=====================
Detecting regressions
=====================

Goals and requirements
======================

When preparing updates, it is part of best practices to ensure that
the update does not introduce any regression on all the QA checks.
The concept of regression is thus to be managed at the level of the
QA workflow.

Some regressions can be identified at the level of the result of the
respective QA tasks. An ``autopkgtest`` that used to pass, and now fails,
is an obvious example. However, when both are failing, you might want
to dig deeper and see if the same set of tests are failing. If we can
identify new tests that are failing, we still have a regression.

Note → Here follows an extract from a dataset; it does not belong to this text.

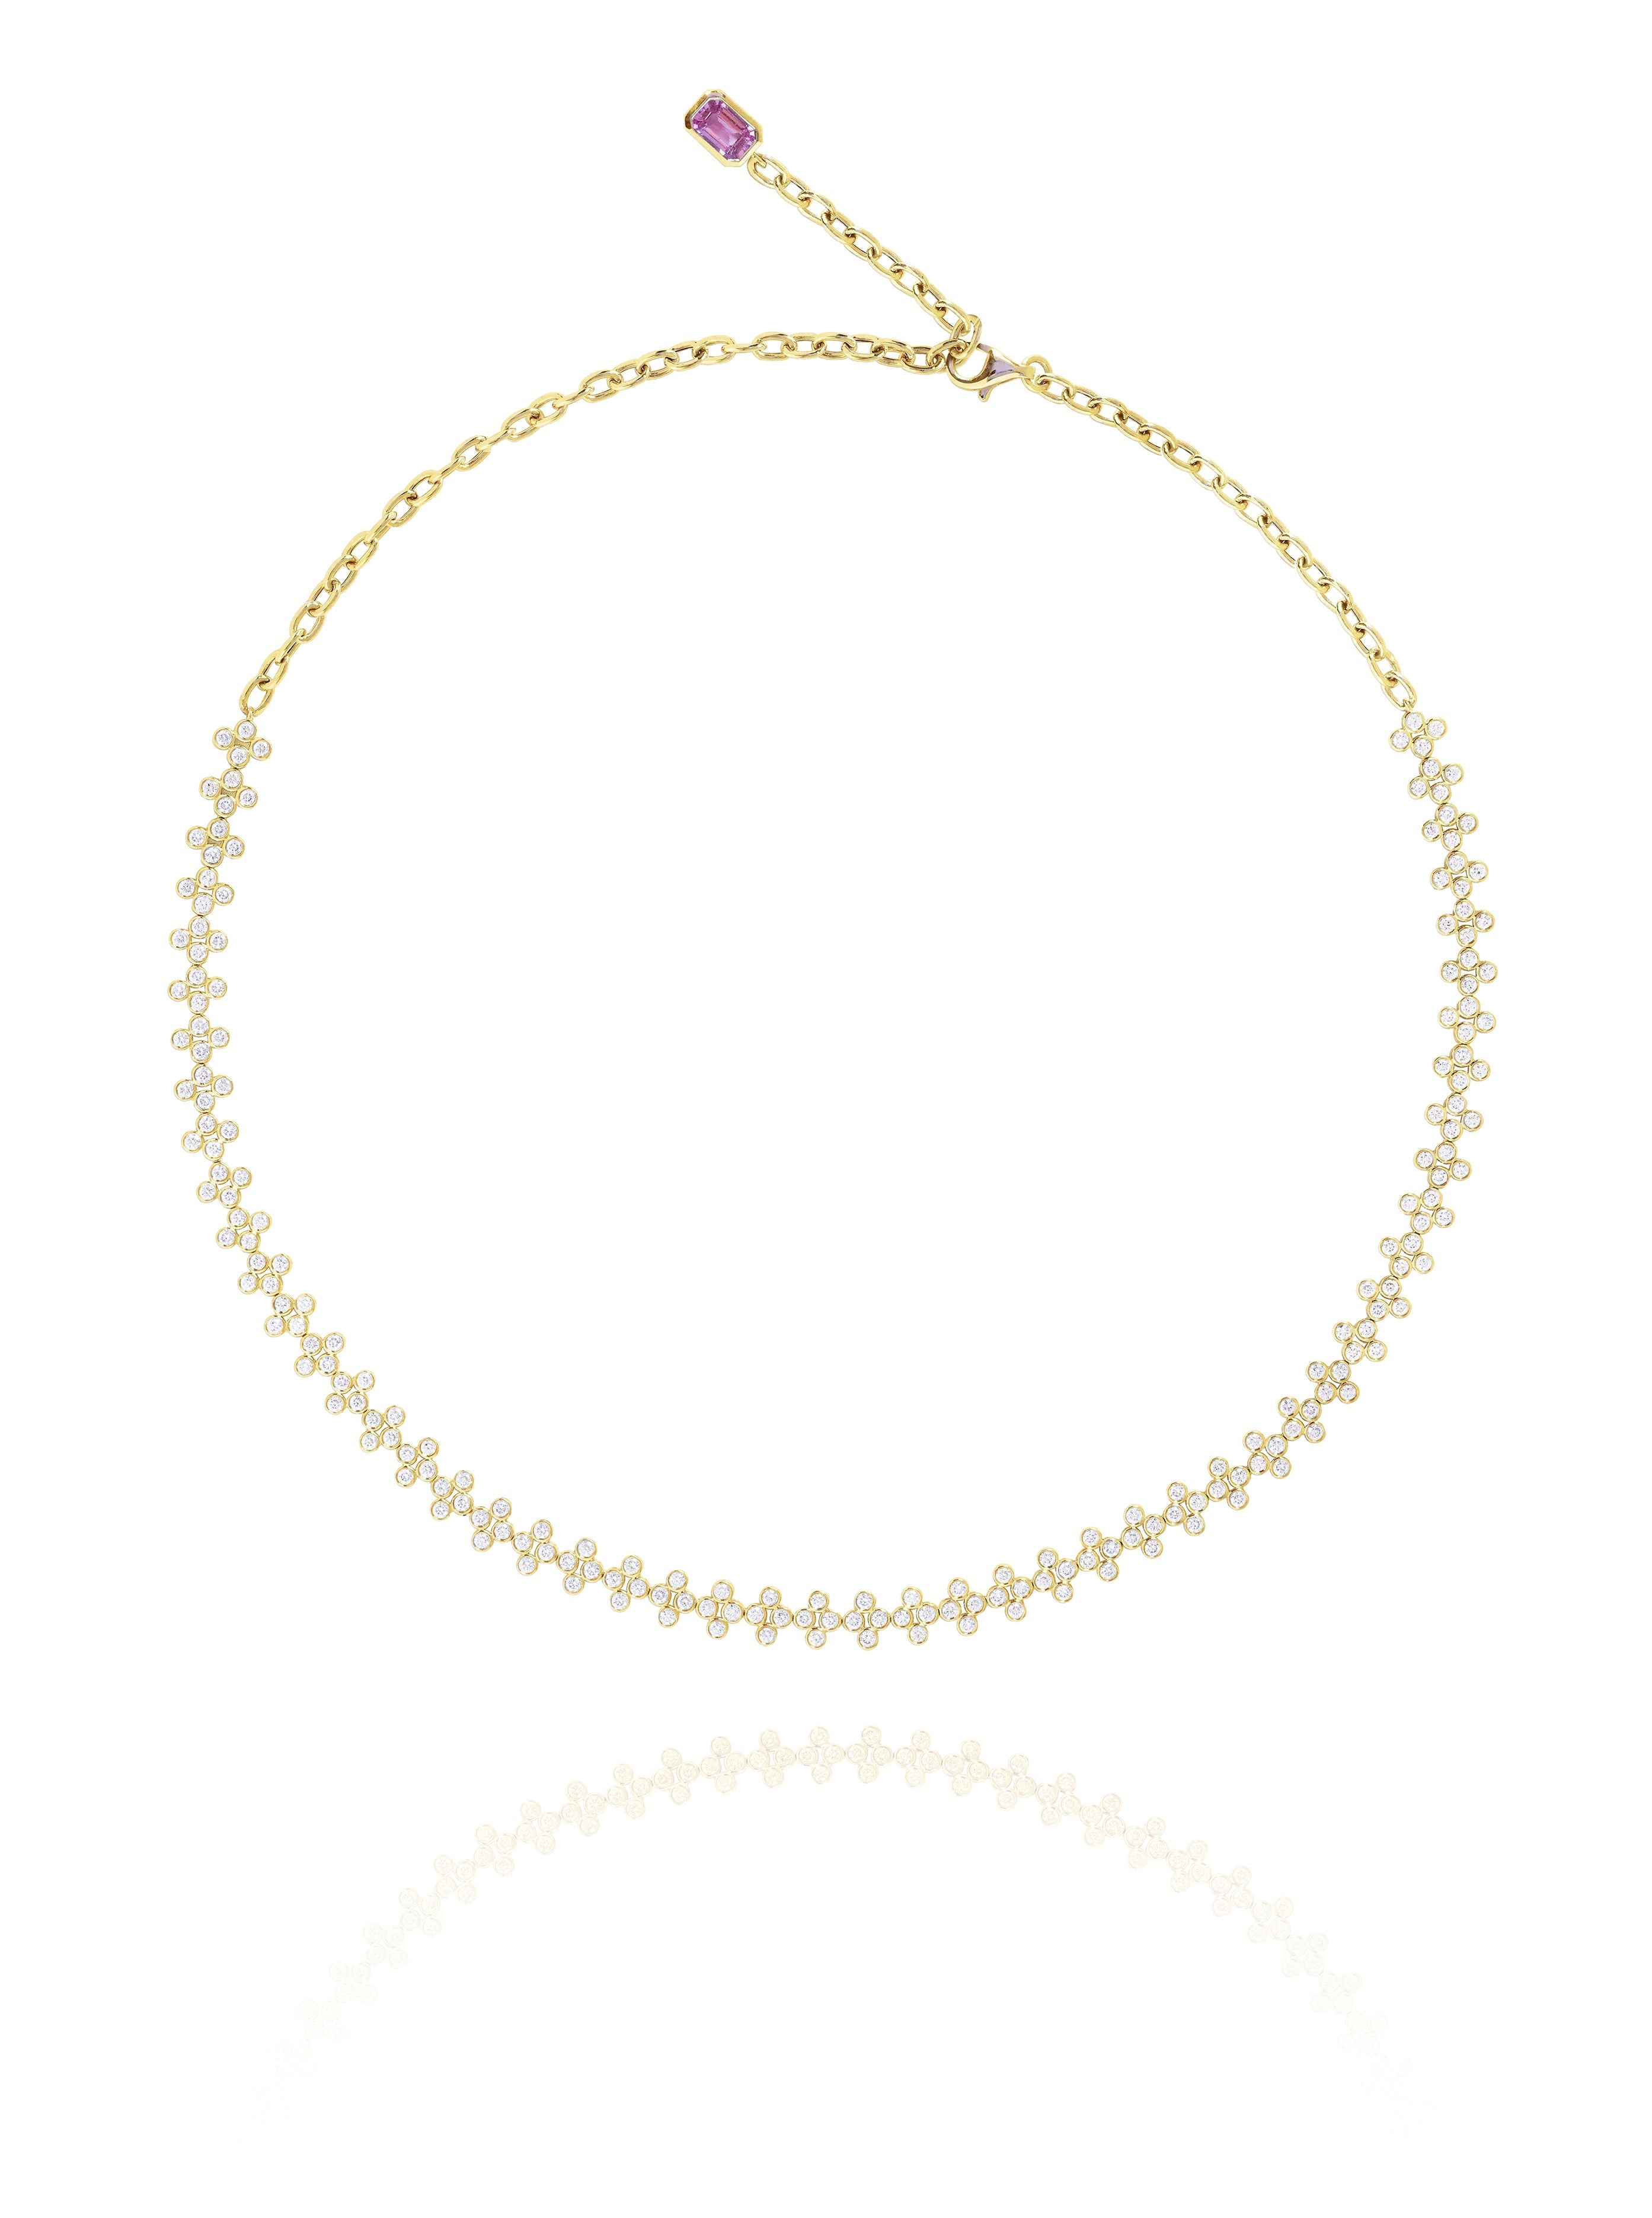 Diamond Tattoo Necklace in Yellow Gold

On the opposite, a lintian analysis might indicate a success on both
versions, but generate new warning-level tags, that we might want to report
as a regression.

Other considerations:

* We want the QA workflow to have a summary view showing side-by-side the
  result of the "QA tasks" on the original and updated package(s) along
  with a conclusion on whether it's a regression or not. It should be
  possible to have detailed view of a specific comparison, showing
  a comparison of the artifacts generated by the QA tasks.
* We want that table to be regularly updated, every time that a QA task
  finishes, without waiting for the completion of all QA tasks.
* We want to be able to configure the ``debian_pipeline`` workflow
  so that any failure or any regression in the ``qa`` workflow requires a
  manual confirmation to continue the root workflow. (Right now the result of
  the ``qa`` workflow has no impact on the ``package_upload`` workflow for
  example)

.. collection:: debian:qa-results

About the ``debian:qa-results`` collection category
===================================================

This collection can host all the QA results for all the packages in a
given suite. We thus have different kind of items for each QA task.

Common features across all QA results
-------------------------------------

The name of the collection item is always
``{task_name}_{package}_{version}_{architecture}_{work_request_id}``
substituting values from the per-item data described below.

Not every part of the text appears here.